Why aren’t more companies leveraging the power of social networking?
Here are the obstacles:
- They don’t understand the benefits
- They are afraid to empower employees who don’t normally network or market or represent the company
- There’s no nationally recognized solution for training Fortune 1000 companies how to do this
So let’s go through these point by point.
The Benefits of Social Networking for Your Company
Here’s where I’m going to tell you WHY you should let more of your key people use Twitter and Facebook as agents of your company.
- Marketing/PR: Build Brand Awareness and Manage Company Image
- New Business: Find Business Opportunities and Expand Into New Markets
- Innovation: Inspire and Drive Innovation
- Customer Retention: Increase Customer Loyalty
If you read through those functions carefully, you’ll see a lot of your corporate goals.
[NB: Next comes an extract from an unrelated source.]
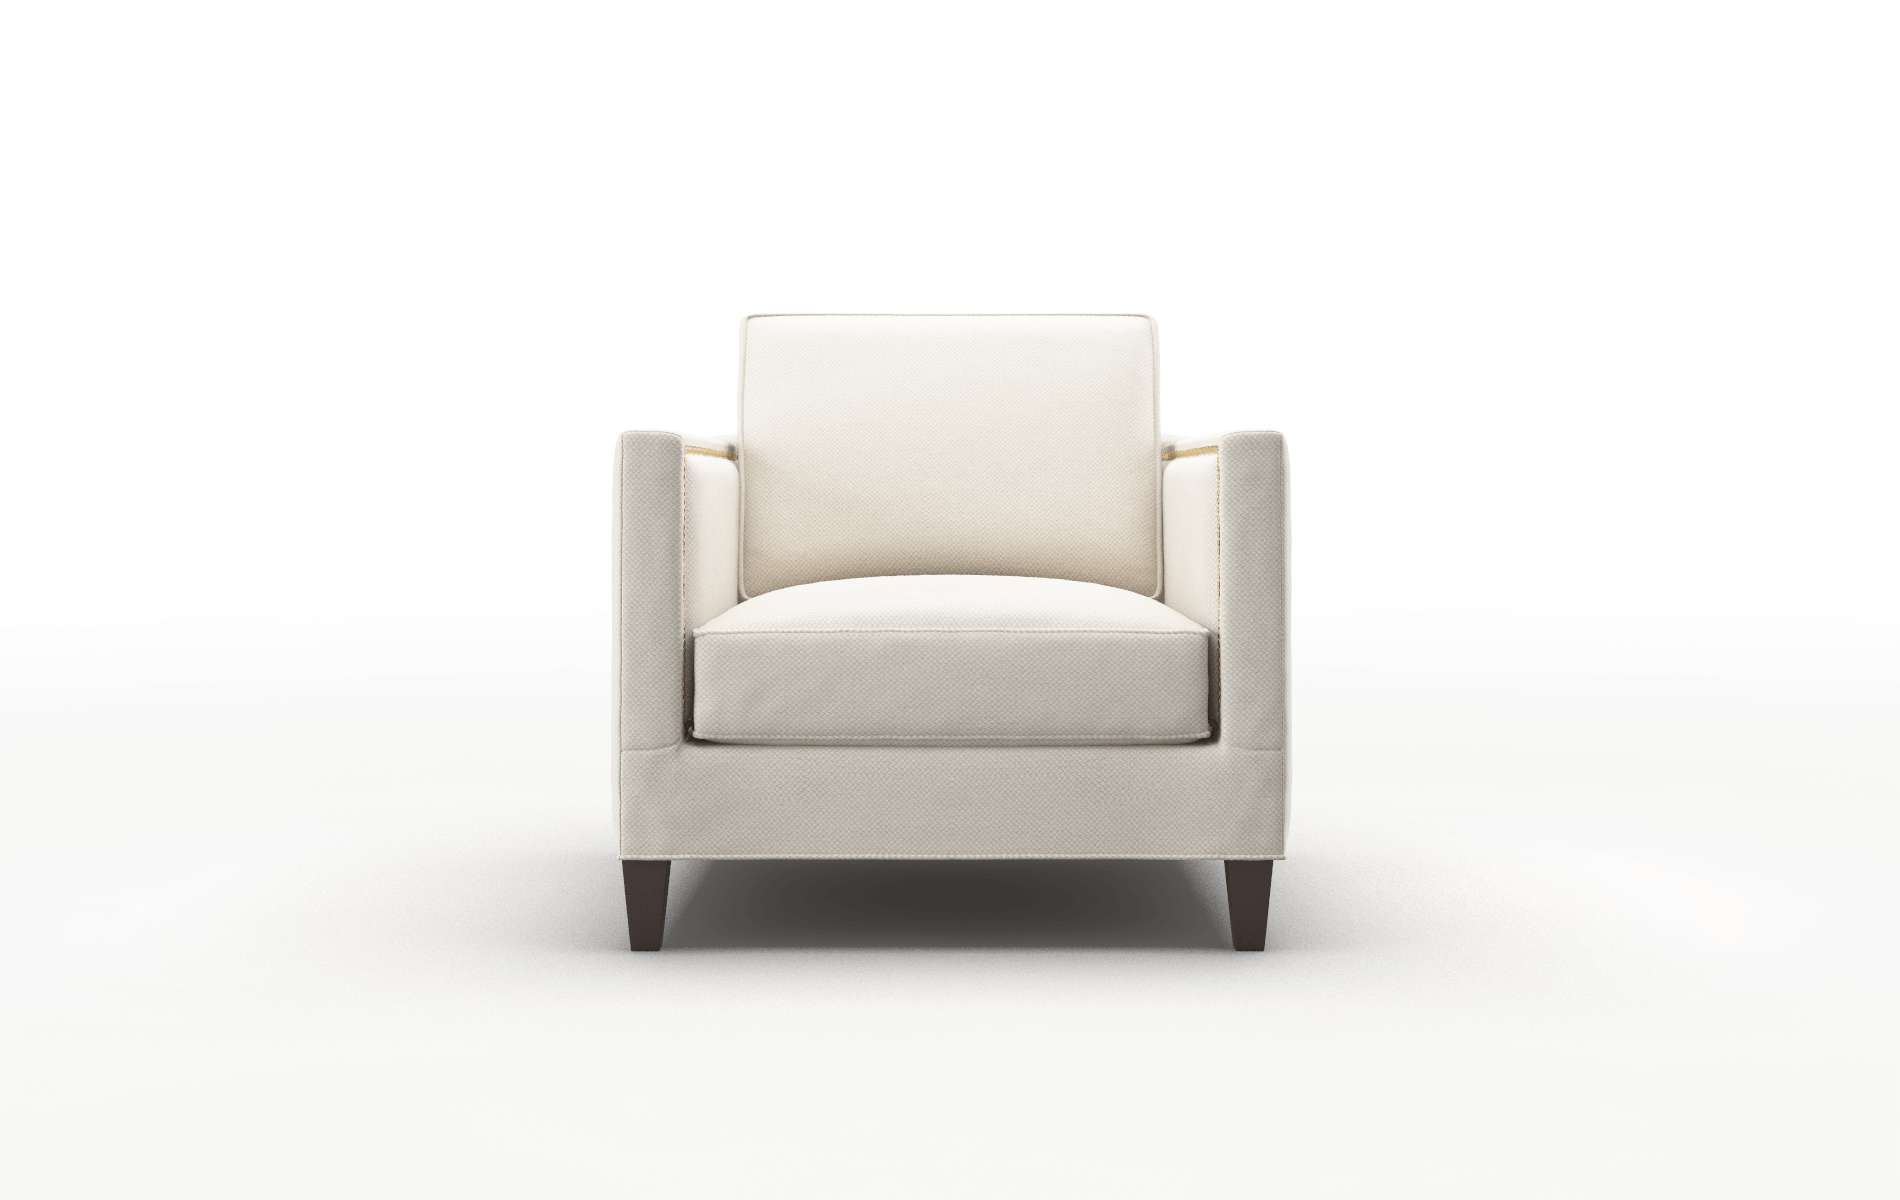 Alps Malibu Linen chair espresso legs

Social networking works on many fronts:
- Get new ways to get marketing and PR messages out
- Learn from your customers
- Provide customer service to people who fell through the cracks of your existing customer service approach
- Prevent negative word of mouth by meeting problems in the public arena
Your employees get to talk to peers, which…
- Keeps them on their toes,
- Continues their education (they hear about the latest ideas, products, and tactics), and
- Gives them an opportunity to lead the industry in their role.
Fear of More Employees in The Public Eye
This I completely understand. Not everyone at your company should be in the public eye. Not everyone can do Social Networking well, not everyone has the talents to be good at it and some people are just going to embarrass the heck out of you.
So let’s start with this idea:
More of your employees should be on Twitter and Facebook using Social Networking to benefit your company. But not all your employees. And some should be forbidden from doing it.
If only those who have the talent and training are doing it, if they’ve taken a class and are following the policies you’ve developed, then what’s left to fear?
Could even savvy, trained, professional employees make a huge gaffe that turns into a PR nightmare and causes your stock price to plummet?
Unlikely.
Look at the Motrin Moms blowback. Even the negative opinions social media moms had about Motrin didn’t affect their bottom line or stock price.